DATASET CONTENT >>
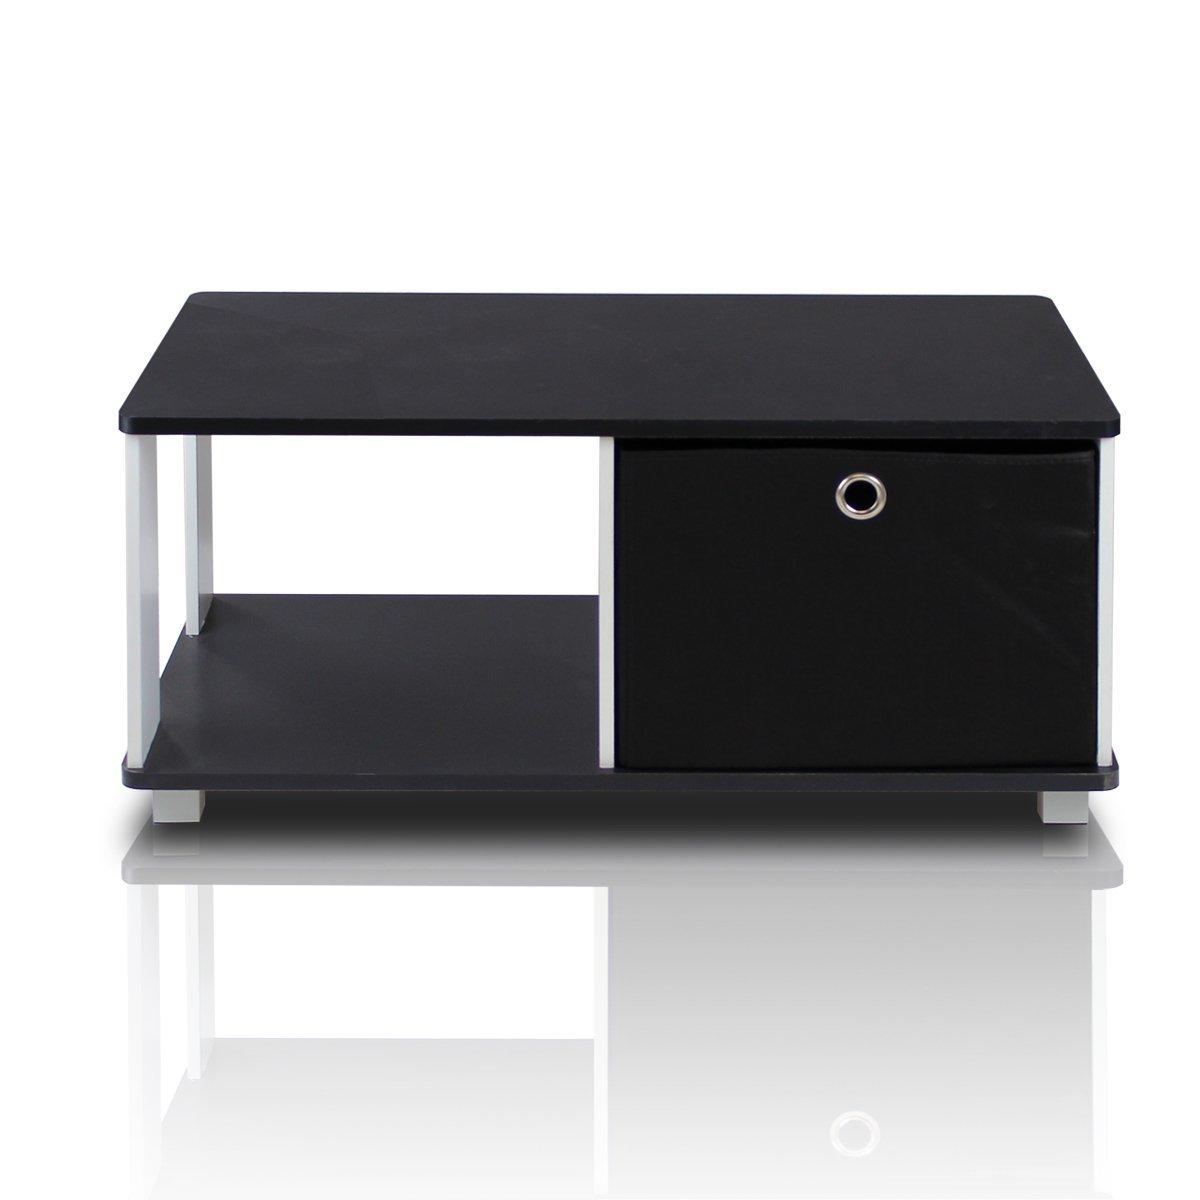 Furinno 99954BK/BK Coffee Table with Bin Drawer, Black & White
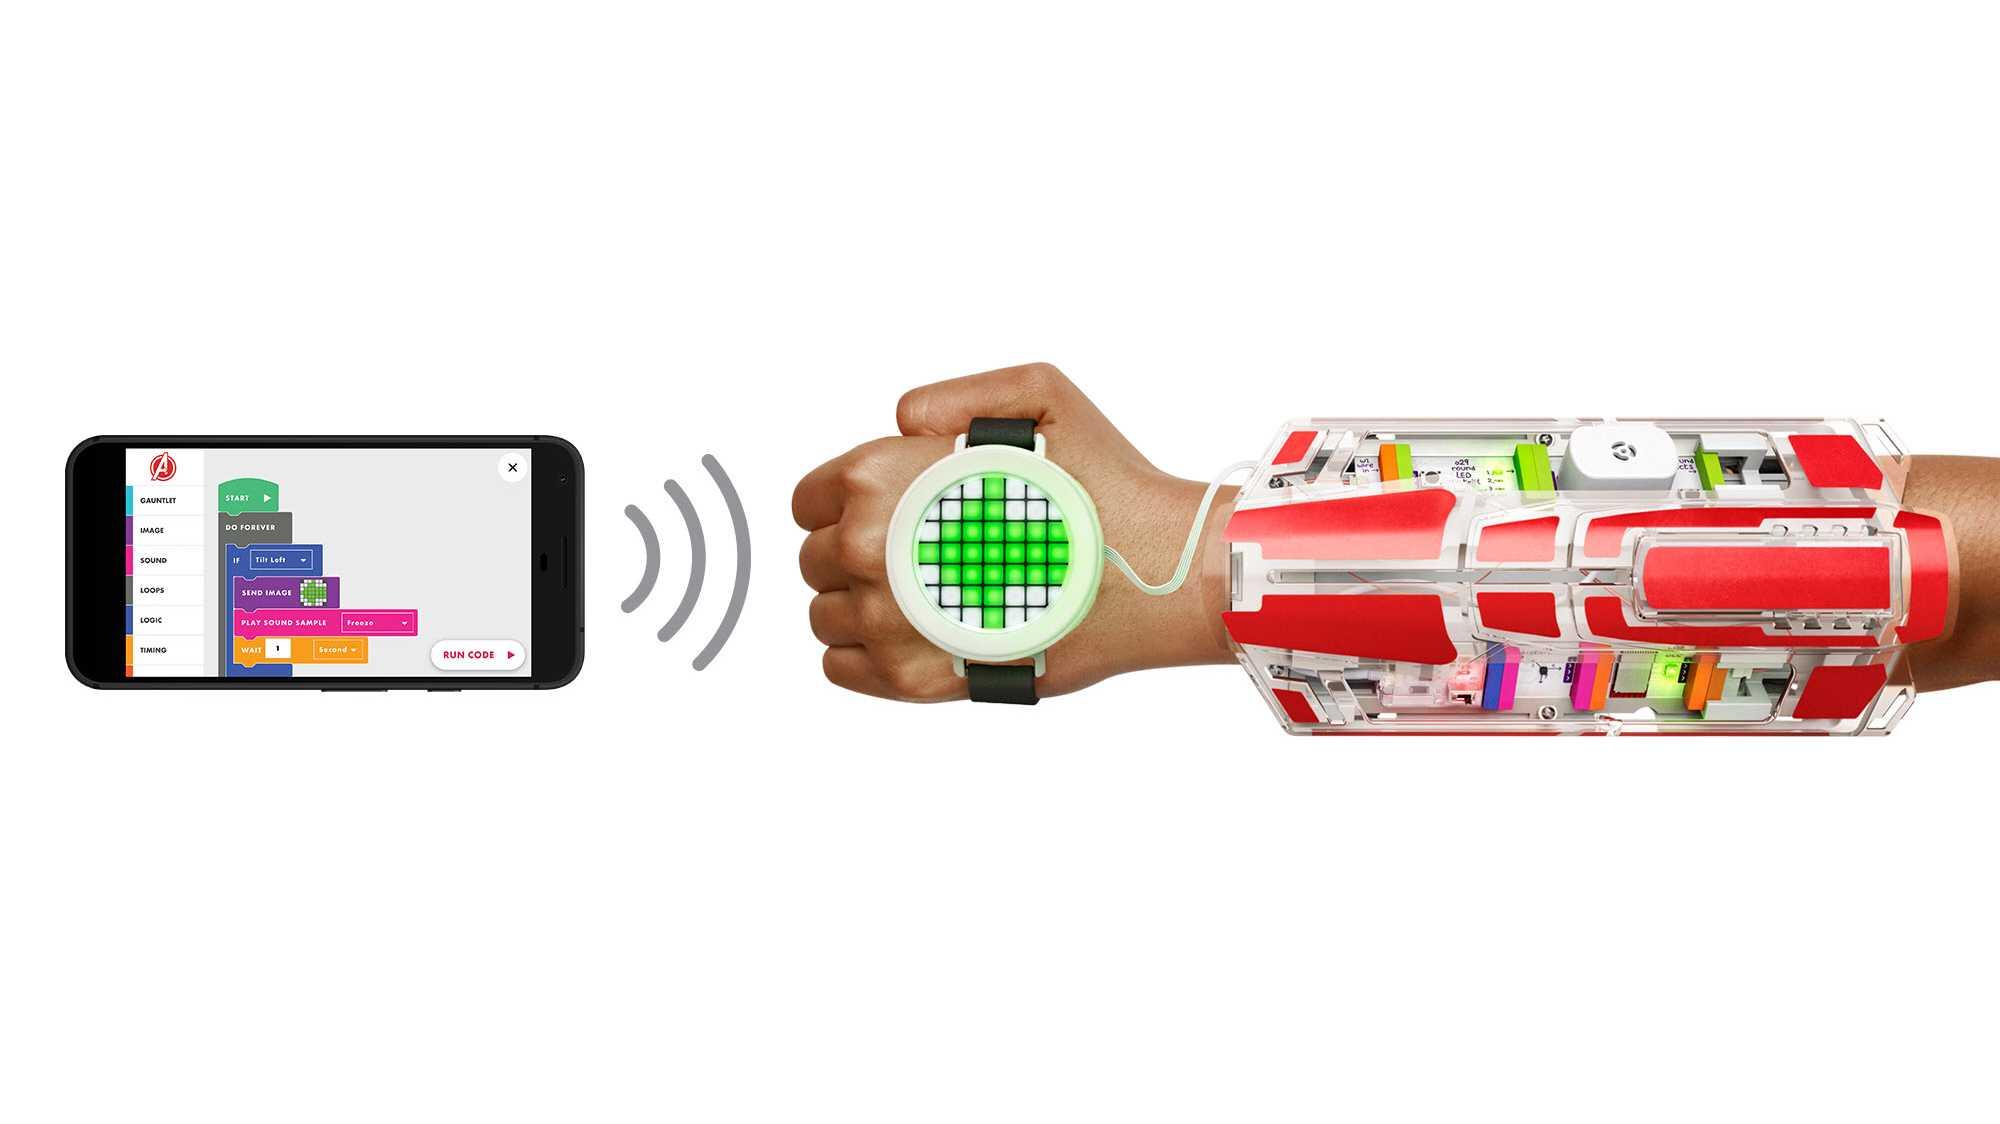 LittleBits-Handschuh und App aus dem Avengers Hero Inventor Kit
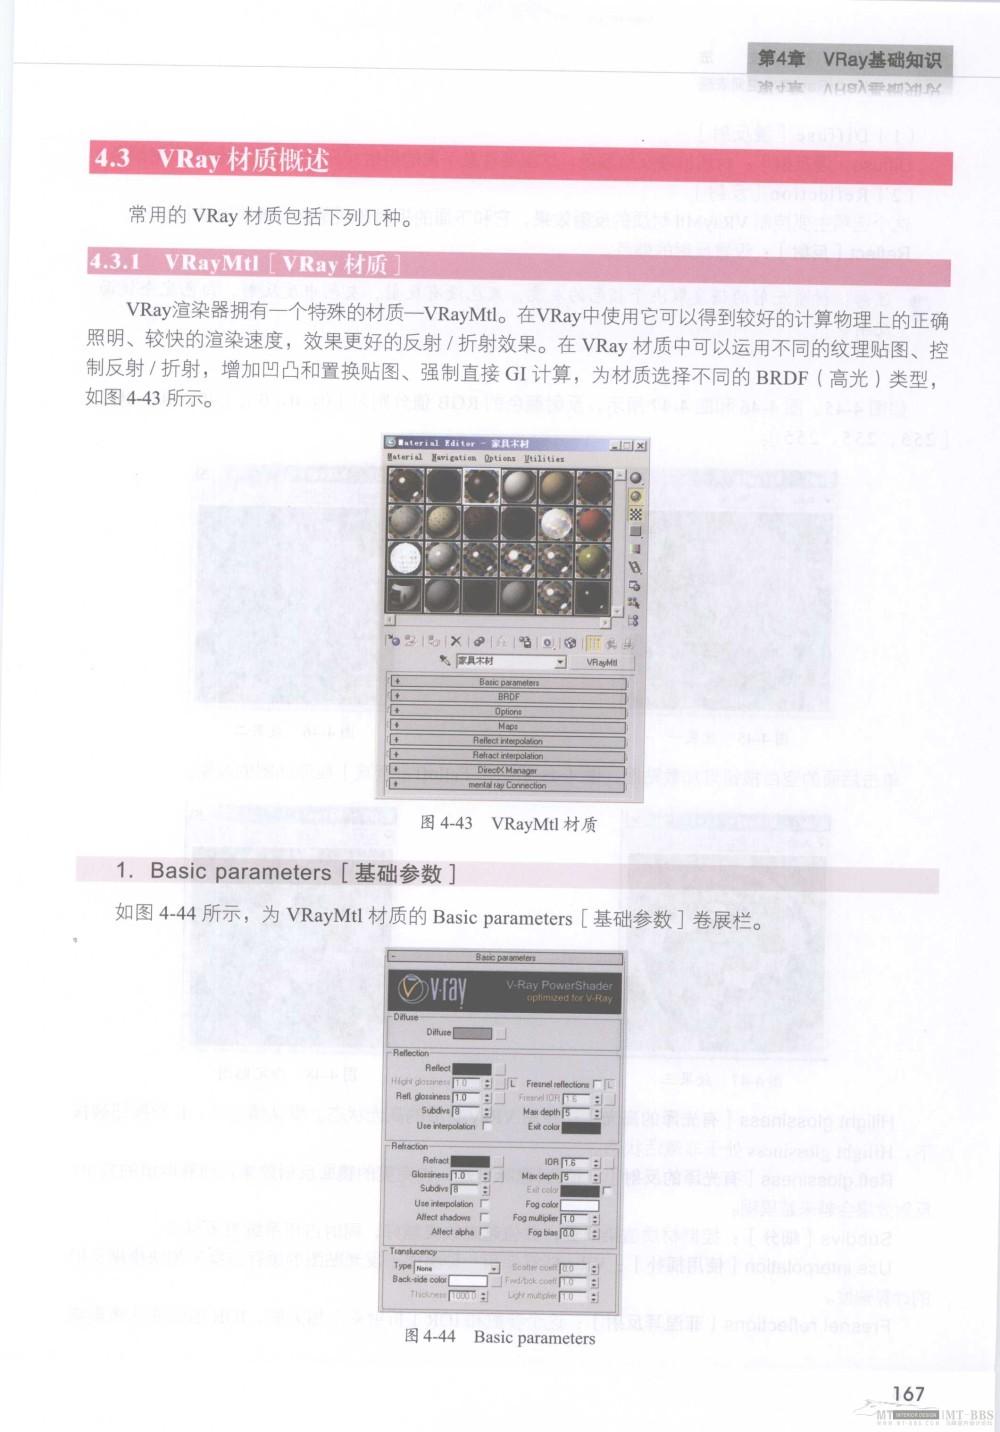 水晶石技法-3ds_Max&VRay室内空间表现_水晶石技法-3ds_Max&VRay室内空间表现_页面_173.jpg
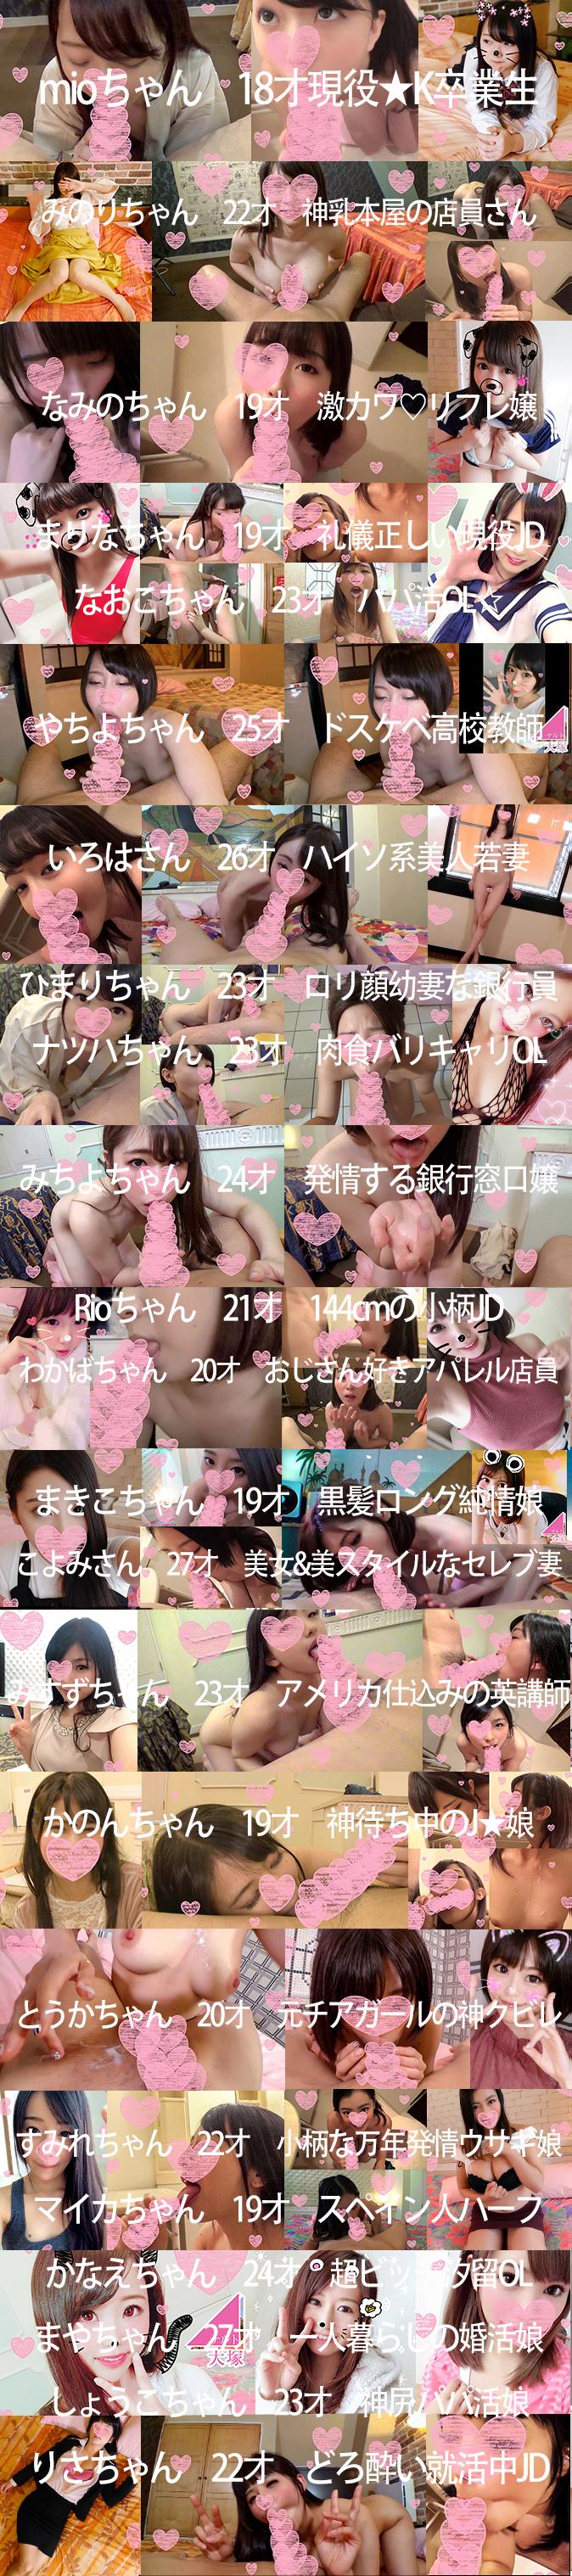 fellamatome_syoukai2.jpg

EXERCISE GOAL >> Could you give the material above again, exactly and without its pictures?

YOUR RESPONSE >>
 Furinno 99954BK/BK Coffee Table with Bin Drawer, Black & White
 LittleBits-Handschuh und App aus dem Avengers Hero Inventor Kit
 水晶石技法-3ds_Max&VRay室内空间表现_水晶石技法-3ds_Max&VRay室内空间表现_页面_173.jpg
 fellamatome_syoukai2.jpg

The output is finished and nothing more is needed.